Ottawa Startup Hyperion Eyes Big Growth in Carbon Capture
Ottawa-based cleantech company Hyperion is making serious moves in the fight against climate change, partnering with Toronto's MaRS Discovery District and global cement manufacturer Amrize to scale up its proprietary carbon-recycling technology.
The collaboration marks a significant milestone for the young Ottawa startup, which has developed a process that captures carbon dioxide emissions and repurposes them — essentially turning industrial waste into a resource rather than a pollutant.
What Is Carbon Recycling, Exactly?
Unlike traditional carbon capture, which simply stores CO₂ underground, Hyperion's approach focuses on recycling that carbon — integrating it back into industrial processes or converting it into usable materials. The cement industry is one of the world's largest emitters of CO₂, making Amrize a strategically important partner. Cement production accounts for roughly 8% of global carbon emissions, and finding ways to reduce or reuse that output is a major challenge for the sector.
Hyperion's technology slots into existing industrial infrastructure, which lowers the barrier to adoption compared with solutions that require entirely new facilities.
Why MaRS and Amrize?
MaRS Discovery District is Canada's largest urban innovation hub, with a strong track record of helping deep-tech and cleantech startups commercialize and scale. For Hyperion, the partnership means access to MaRS's network of investors, corporate partners, and market development expertise — resources that can be hard to come by for early-stage companies working on capital-intensive hardware solutions.
Amrize brings something arguably more valuable: real-world industrial scale and a direct path to deployment. Having a major cement producer involved isn't just good optics — it means Hyperion's technology can be tested, refined, and eventually deployed in actual production environments, not just labs.
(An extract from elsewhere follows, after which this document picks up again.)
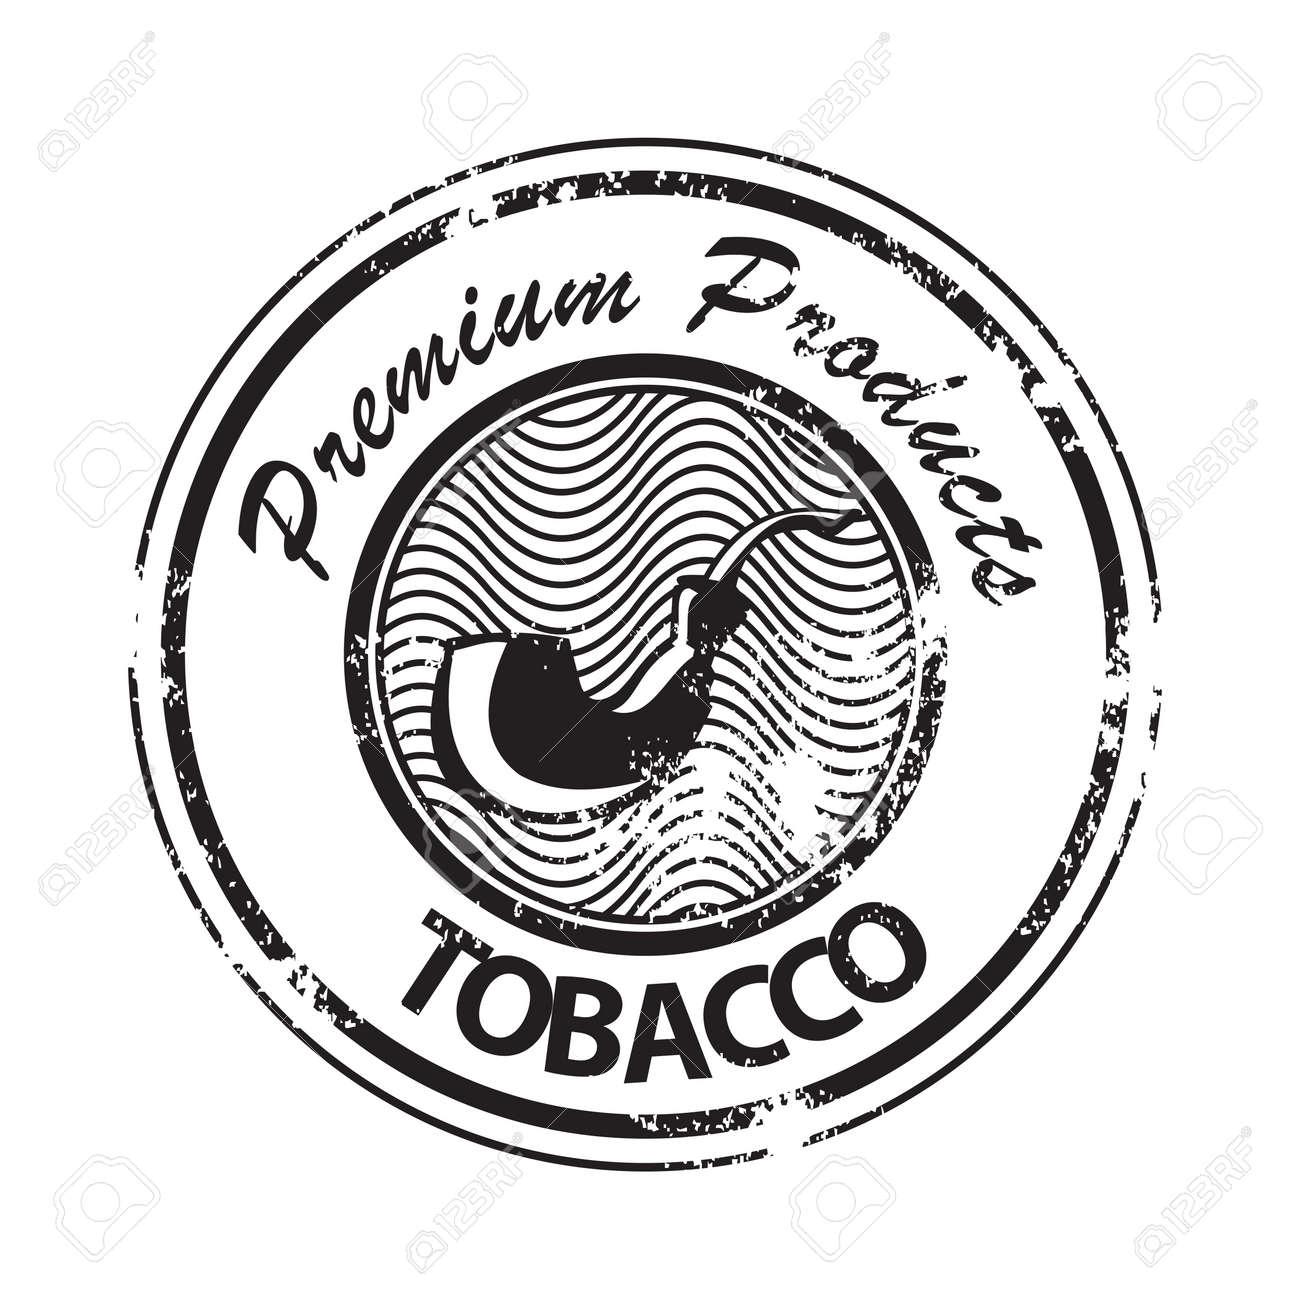 Tobacco Stock Vector - 18481422
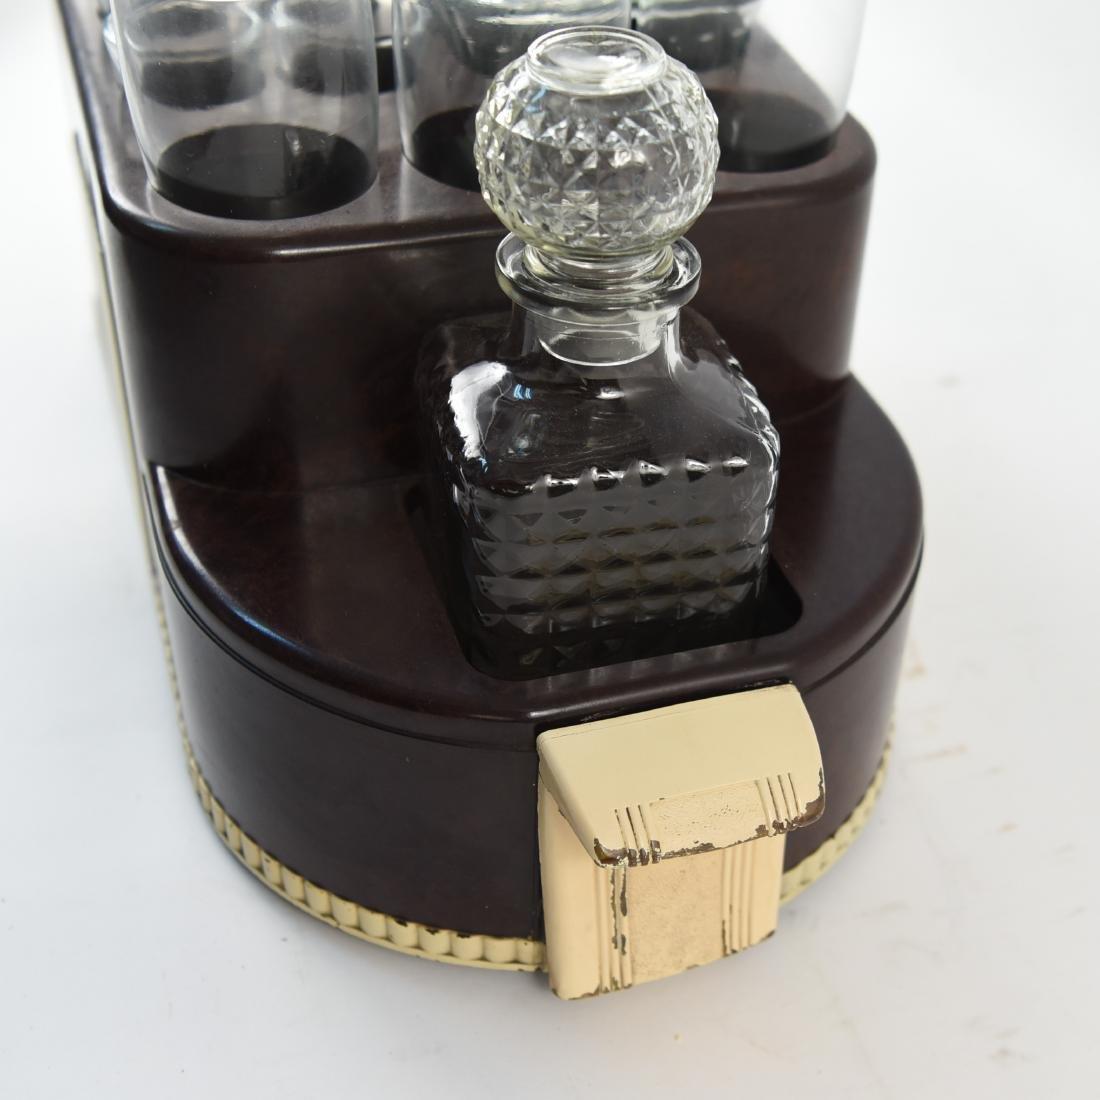 VINTAGE ART DECO LIQUOR DECANTER DRINK CADDY - 6

Ottawa's Growing Cleantech Scene
Hyperion is part of a broader wave of Ottawa cleantech companies working on hard problems in energy and emissions. The city has long been known for its federal government presence and tech sector anchored by Kanata North, but startups like Hyperion are helping diversify that reputation into climate technology.
Ottawa's talent pool — fed by the University of Ottawa, Carleton University, and a deep bench of engineering professionals — makes it a natural home for companies tackling complex industrial challenges.
What Comes Next
With MaRS's support and Amrize as an industry partner, Hyperion is eyeing pilot deployments and broader commercialization. Scaling carbon-recycling tech from prototype to industrial reality is no small feat, but the combination of startup agility, institutional support, and a committed industry player gives the Ottawa company a credible path forward.
If successful, Hyperion's technology could have implications far beyond cement — other heavy industries like steel, chemicals, and waste management face similar decarbonization pressures.
For Ottawa, it's another sign that the city's innovation ecosystem is punching above its weight on the global cleantech stage.